Mais le vingtième siècle, lui aussi, a eu ses députés poètes et il était juste de célébrer l’un des plus reconnus d’entre eux, qui représenta la Martinique pendant plus de quarante-sept ans.
Au temps d’Alphonse de Lamartine et de Victor Hugo, les îles des Antilles étaient encore des coloniesdont l’économie reposait sur l’esclavage. Dans leurs œuvres, dans leurs discours parlementaires, ces deux géants de la littérature combattirent cette monstruosité. En 1848, ils eurent enfin gain de cause et un ancien esclave, Louisy Mathieu, était élu représentant du peuple.

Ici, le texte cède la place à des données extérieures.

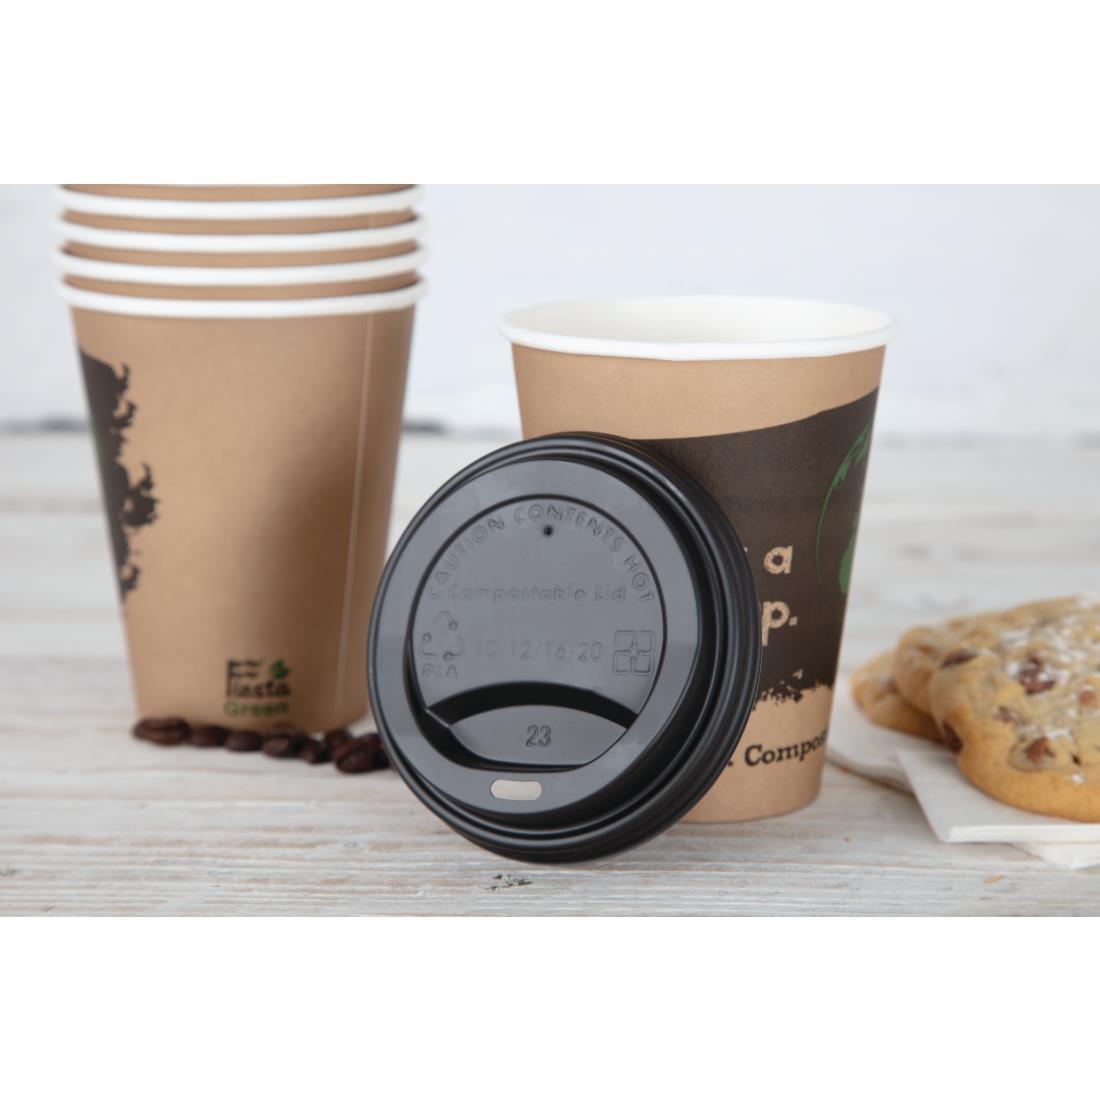 Fiesta Compostable Coffee Cup Lids 340ml / 12oz (Pack of 1000) - DS053  - 2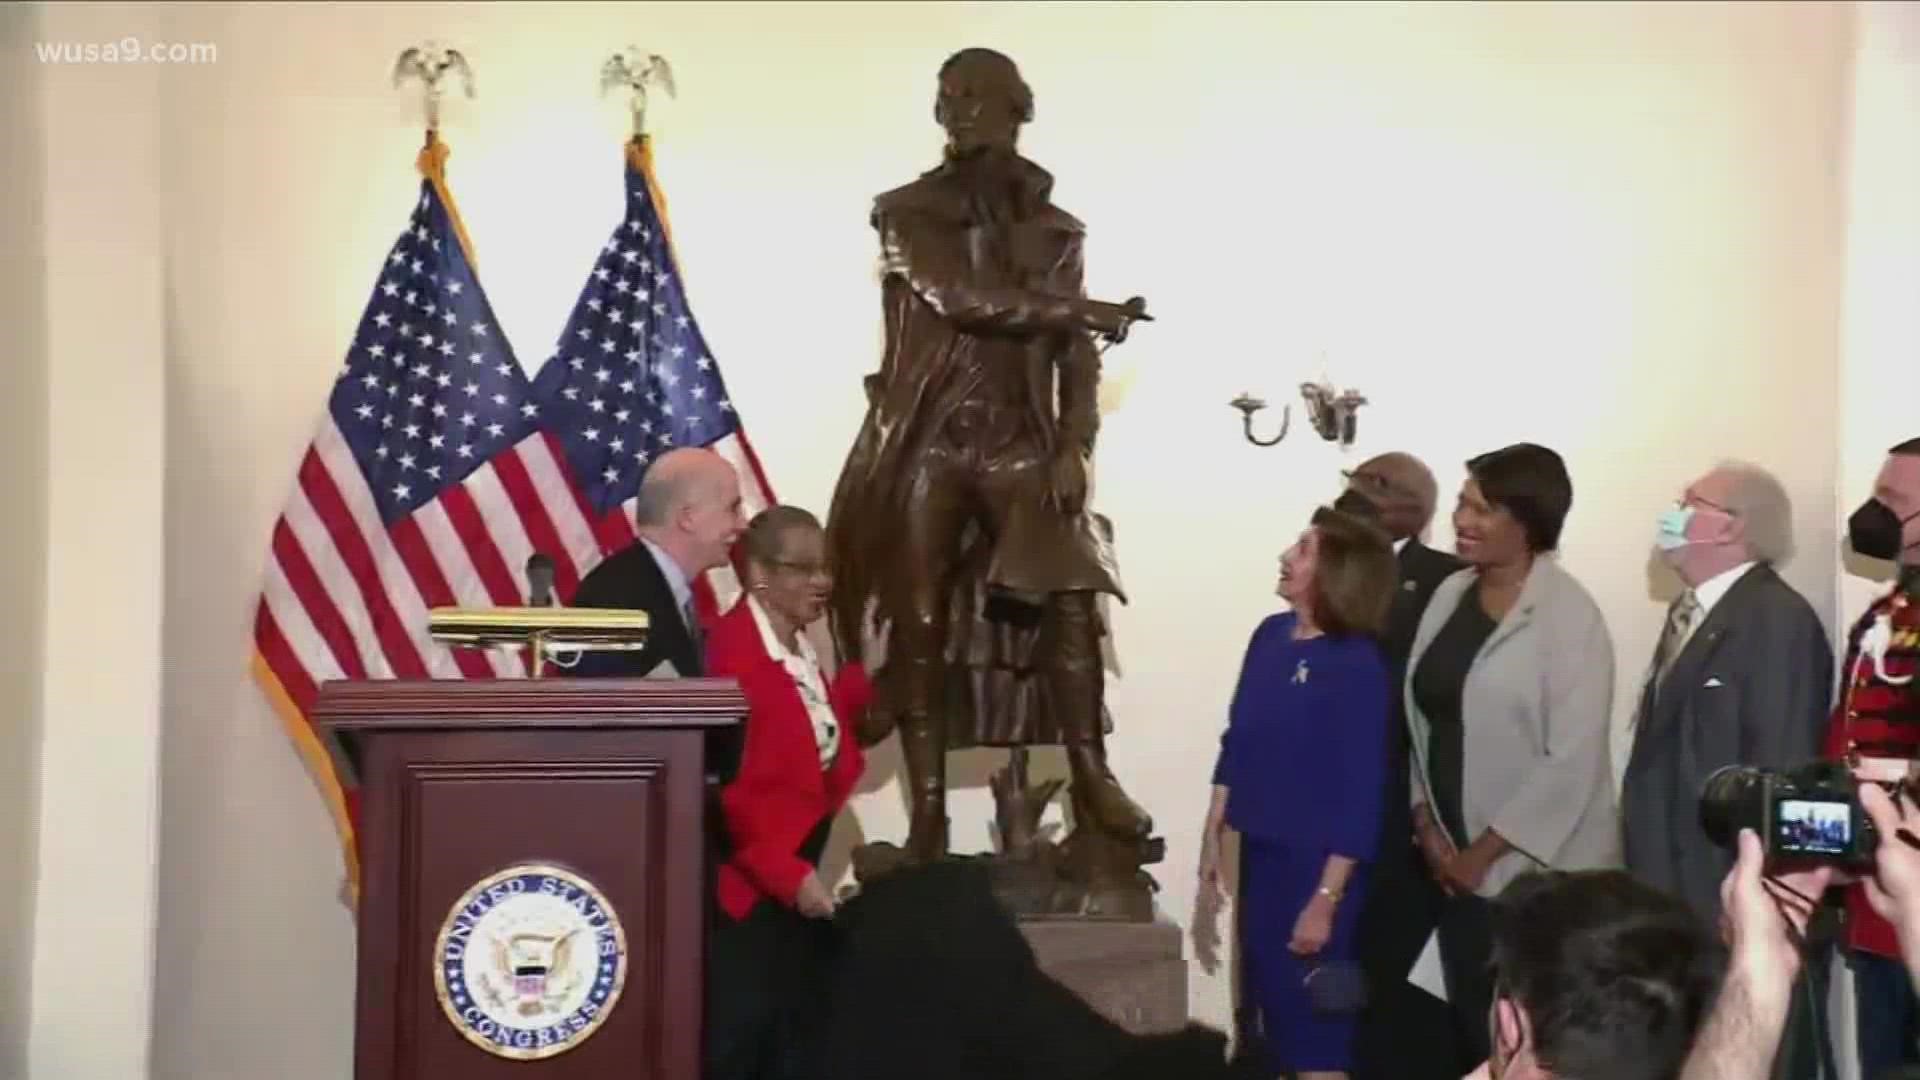 House Speaker Nancy Pelosi, Del Eleanor Holmes Norton, Mayor Muriel Bowser and other speak at the unveiling of a new statue of Pierre L'Enfant at the Capitol.

Quand Aimé Césaire naît, à Basse-Pointe, le 26 juin 1913, l’esclavage n’est donc aboli que depuis soixante-cinq ans à la Martinique… L’égalité juridique est encore une nouveauté dans le temps long de l’Histoire et l’égalité économique semble hors de portée. Ce sera donc un révolté qui grandira sur l’îleun révolté qui partira en métropole pour lui dire son fait.

Or, ce révolté choisit pour armes les mots. Non la violence, non la haine, mais la parole libératrice, la parole de vérité qui secoue les certitudes et oblige la société à changer.

Parmi ces mots, celui de « nègre » qui a fini par prendre un sens péjoratif : Césaire s’en empare, le brandit, le revendique, pour en faire l’étendard de tous ceux que le colonialisme oppresse.

À Paris en effet, où il est venu étudier, le jeune Césaire a fait des rencontres capitales : le Sénégalais Léopold Sdar Senghor, le Guyanais Léon Gontran Damas, futurs députés qui seront avec lui les principales plumes de L’Étudiant noir, la revue qu’ils publient ensemble. Petits moyens, grands effets ; c’est le « mouvement de la négritude » qui naît alors, un jet poétique et politique à la fois qui se saisit de la langue française pour lui faire dire, en des termes neufs, avec une vigueur nouvelle, que la liberté et la dignité humaines ignorent toutes les discriminations liées à la couleur de peau, à la naissance, à l’héritage du passé.

« Je viendrais à ce pays mien et je lui dirais : ‘’Embrassez-moi sans crainte et si je ne sais que parler c’est pour vous que je parlerai’’ », écrit le jeune normalien dans son Cahier d’un retour au pays natal, dont l’Assemblée nationale est fière de conserver aujourd’hui la première version, dactylographiée, corrigée à la main par son auteur. 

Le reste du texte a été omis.